To evaluate radiation exposure to patients and radiologists during transcatheter arterial embolization(TAE) for hepatocellular carcinoma.

MATERIALS AND METHODS

In 39 TAE procedures performed at eight institutes, skin doses were evaluated with thermoluminescence dosimeters at the patient's back(entrance surface) and lower abdomen, and at the radiologist's forehead and abdomen. Real-time dosimeters were also used to evaluate patient skin dose.

RESULTS

The patients' mean entrance surface dose was 973 +/- 681 mGy(range, 185 to 3543 mGy) with the mean fluoroscopic time of 21 minutes and 6 digital subtraction angiography(DSA) acquisitions.

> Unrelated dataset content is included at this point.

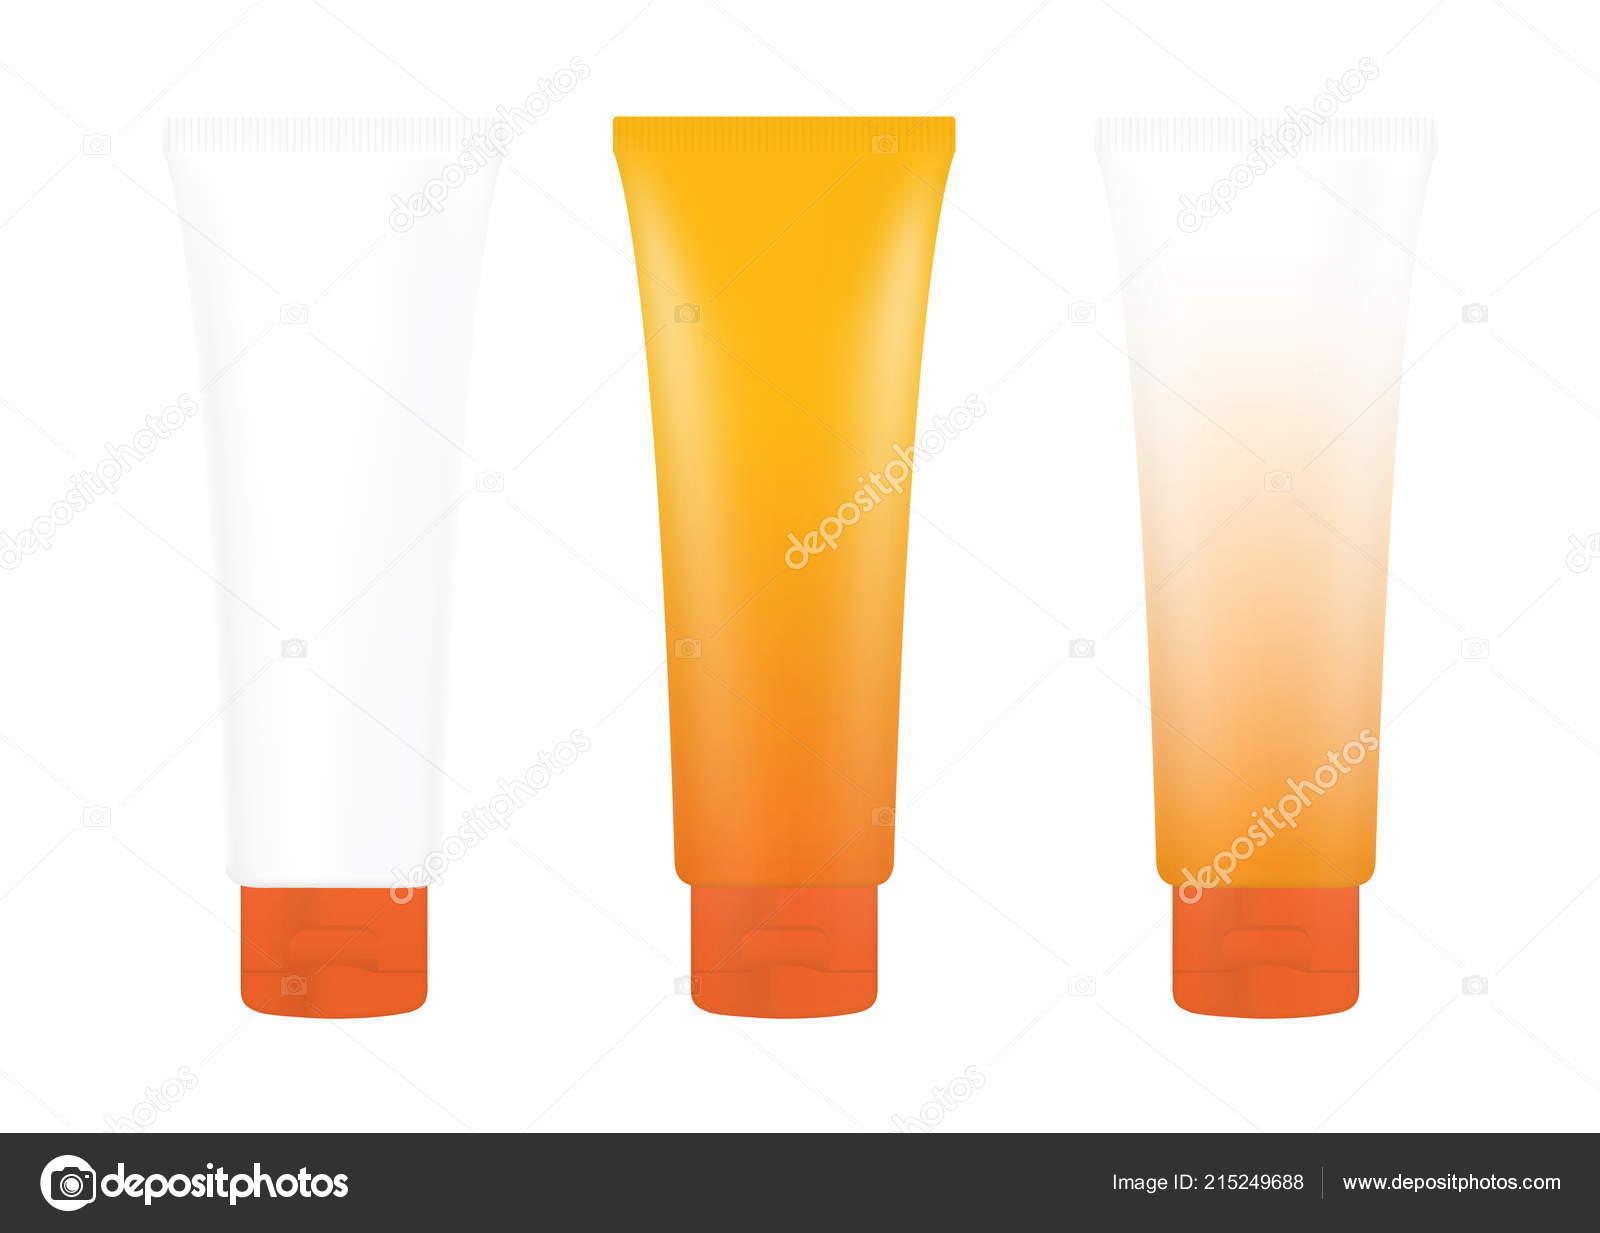 Tube Orange Cream Foam Sunscreen Lotion Bottle White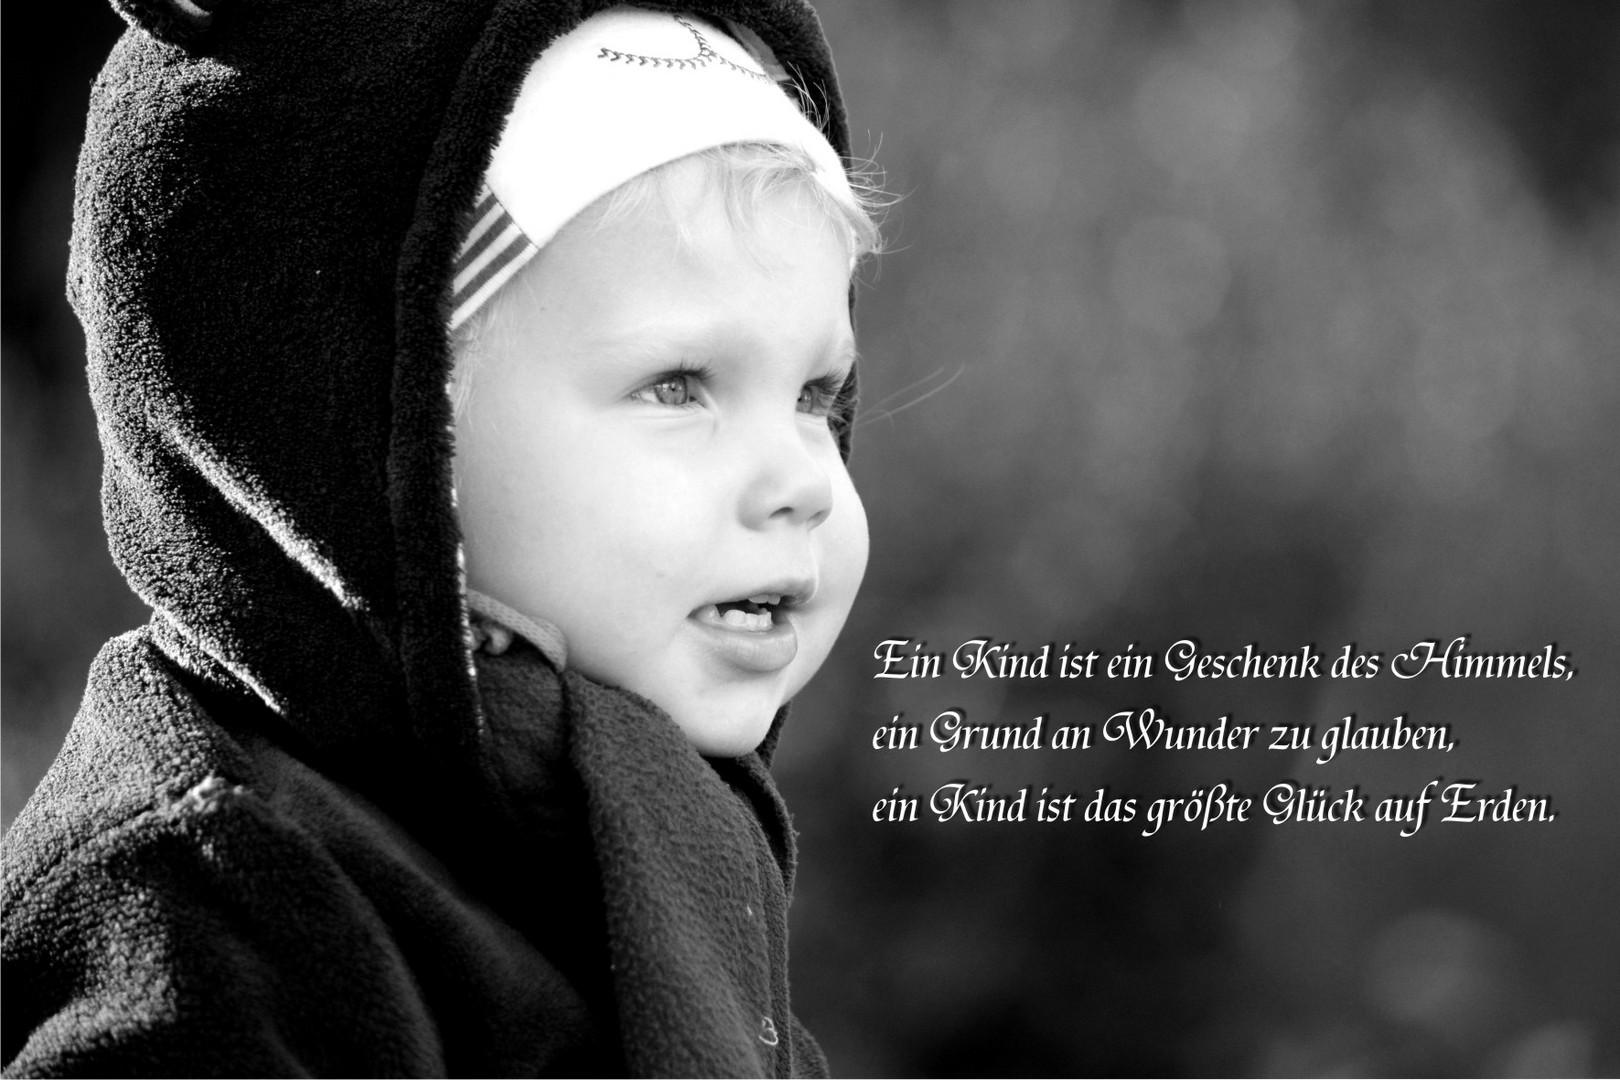 Geschenk Des Himmels Foto Bild Kinder Kinder Ab 2

The dose at the patients' lower abdomen was 0.98 +/- 0.77 mGy. Doses for the radiologists were 0.04 +/- 0.04 mGy at the forehead and 0.15 +/- 0.19 mGy and 0.005 +/- 0.01 mGy at the abdomen over and under the apron, respectively. Fifty-six percent of the patients' skin dose was from DSA and 44% from fluoroscopy.

CONCLUSIONS

Patient skin dose may occasionally exceed the dose for transient erythema. Because a patient may have repeated TAEs, skin doses or X-ray conditions should be recorded. The exposed doses of radiologists were considered to be acceptable with proper techniques. Further efforts to reduce radiation should be directed toward both DSA and fluoroscopy.

摘要

目的

评估肝细胞癌经导管动脉栓塞术(TAE)期间患者和放射科医生所受的辐射剂量。

材料与方法

在8家机构进行的39例TAE手术中,使用热释光剂量计在患者背部(入射表面)和下腹部以及放射科医生的前额和腹部评估皮肤剂量。还使用实时剂量计评估患者皮肤剂量。

结果

患者入射表面平均剂量为973±681 mGy(范围为185至3543 mGy),平均透视时间为21分钟,数字减影血管造影(DSA)采集6次。患者下腹部剂量为0.98±0.77 mGy。放射科医生前额剂量为0.04±0.04 mGy,铅衣上方腹部剂量为0.15±0.19 mGy,铅衣下方腹部剂量为0.005±0.01 mGy。患者皮肤剂量的56%来自DSA,44%来自透视。

结论

患者皮肤剂量偶尔可能超过短暂红斑剂量。由于患者可能需要重复进行TAE,应记录皮肤剂量或X射线条件。采用适当技术时,放射科医生的受照剂量被认为是可接受的。应进一步努力减少DSA和透视的辐射剂量。